The ‘obvious to try’ test was warranted for further analysis given that pharmaceutical experimentation was involved in this case. [251-252] The FC found that it was not more or less self-evident to the Skilled Person that what is being tried – to arrive at the solution of Form I ODV succinate – ought to work. [304-305] The FC rejected Teva’s expert evidence proposing the idea that a routine salt screen could have identified a salt form such as ODV succinate, because the expert statement was contradicted on cross-examination. [260-261] The FC did not consider there to be a finite number of predictable solutions,  and the amount of effort required to achieve the invention was considerable, including pro-drug experimentation, salt screening, polymorph screening, in vitro and in vivo testing. [276, 279] The FC considered the course of conduct in this case to entail a research program that is more than routine experimentation.  Further, the FC found no evidence of motivation in the prior art that points in the direction of the ‘668 Patent.  For all these reasons, the FC concluded that the inventive concept was not obvious to try. [303-304]

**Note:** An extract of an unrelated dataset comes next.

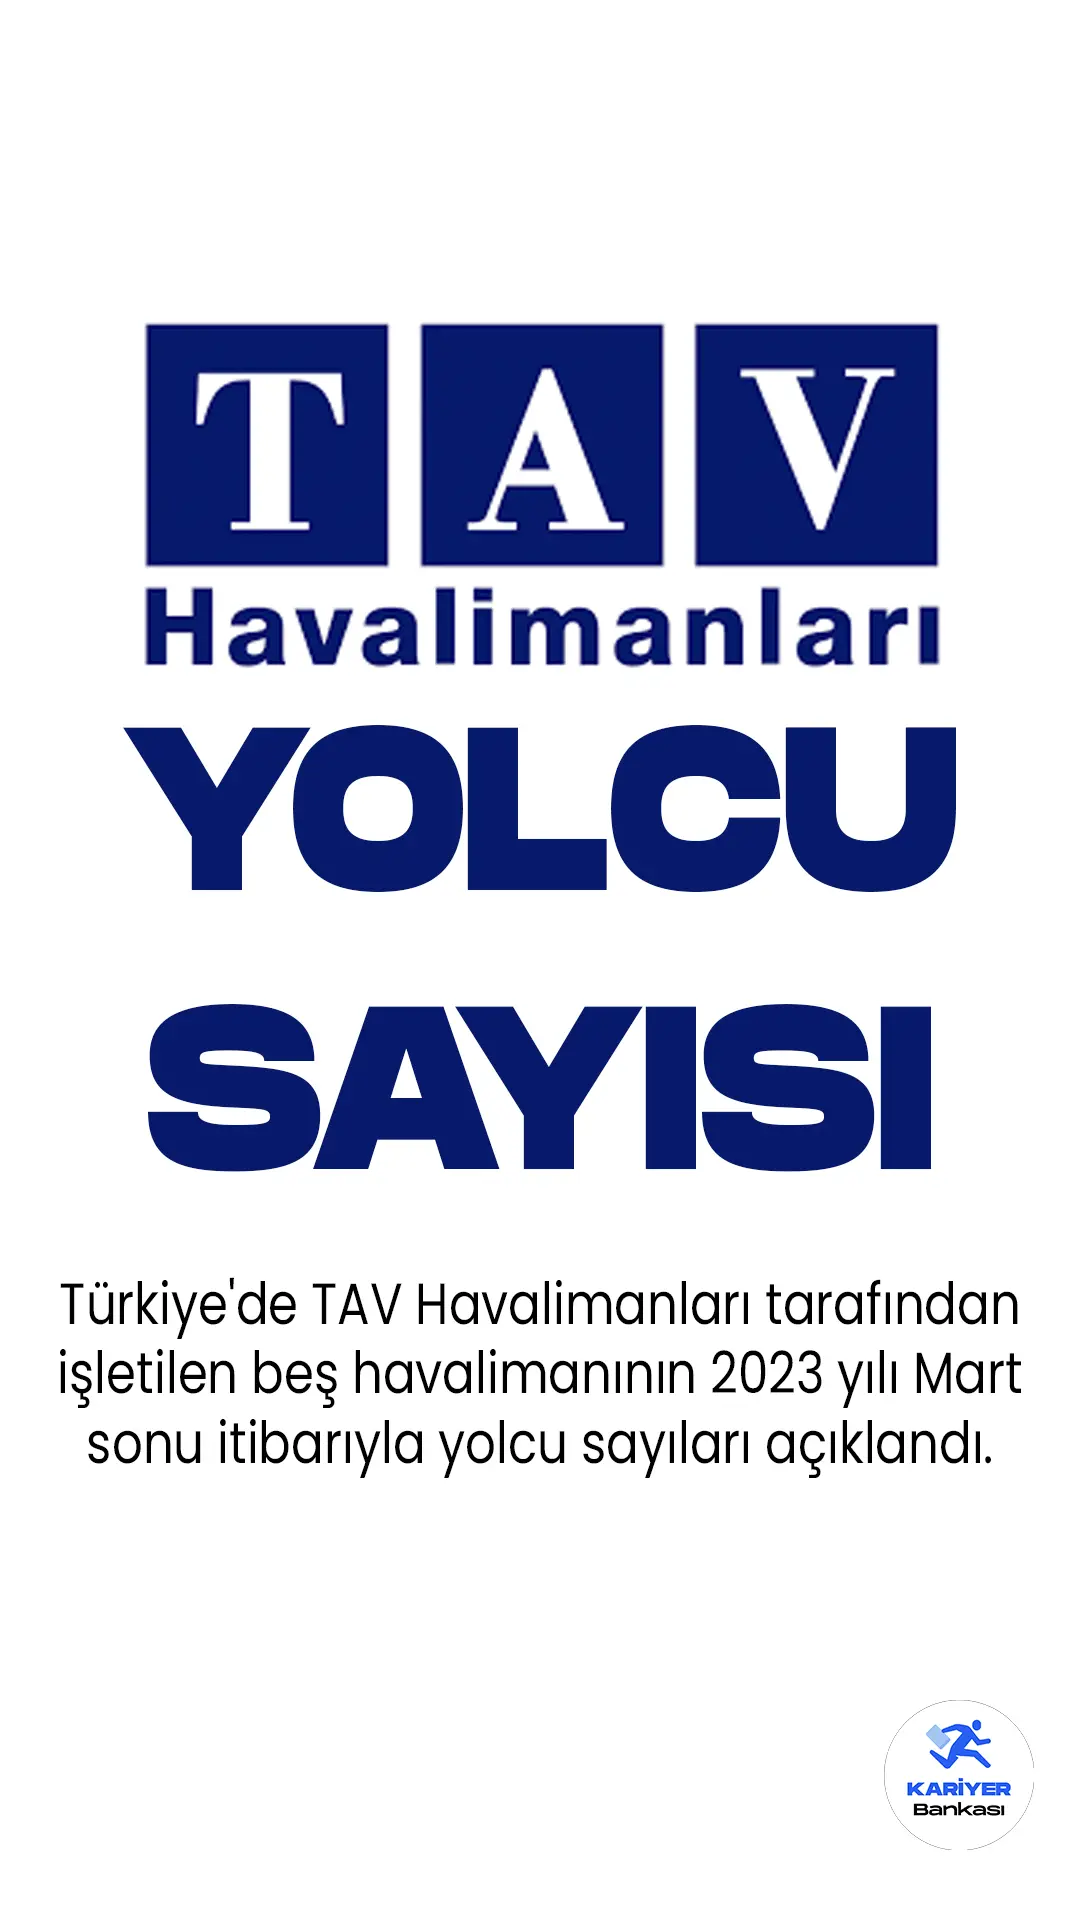 Türkiye'de TAV Havalimanları tarafından işletilen beş havalimanının 2023 yılı Mart sonu itibarıyla yolcu sayıları açıklandı.

The Utility Requirement was Satisfied
After the FC heard this case, a new test for utility was released in the decision AstraZeneca Canada Inc v Apotex Inc, 2017 SCC 36. The new test provides that in considering whether that subject matter is useful, a single useful use is sufficient to meet the utility requirement, even if multiple uses are disclosed. In contrast, the utility analysis would have previously involved discussion of the Promise Doctrine, on which Teva’s allegations of inutility were entirely based. 
The FC determined the subject matter of Claims 8, 9, 33, 43 and 44 to be Form I ODV succinate, [327, 336] and that all these claims met the utility threshold.  Claims 8 and 9 were considered useful in offering solid-form stability, [328-330] and Claim 33 in providing a treatment for depression.  The FC also found Claims 43 and 44 to be useful because the sustained release formulations led to reduced side effects, when compared with previous immediate release formulations. 
The FC ruled that Teva’s allegations of obviousness and inutility were not justified. Perhaps the most significant take-away from this case is its unfortunate timing for Teva. The Promise Doctrine was struck down by the Supreme Court of Canada between this case having been heard and the judgment having been rendered, leaving the generic drug-maker with only the obviousness argument to advance. The analysis for obviousness turned on the opposing opinions offered by pharmaceutical experts. The judge was more persuaded by Pfizer’s expert, while Teva’s expert made concessions at the hearing that weakened its position.  It should be noted that this judgment was released as part of a pair of decisions that resulted in the FC issuing two Orders of prohibition against the generic makers, Teva and also Apotex (see Pfizer Canada Inc v Apotex Inc, 2017 FC 774, PCK Reporter summary available Here). Both Teva and Apotex appealed.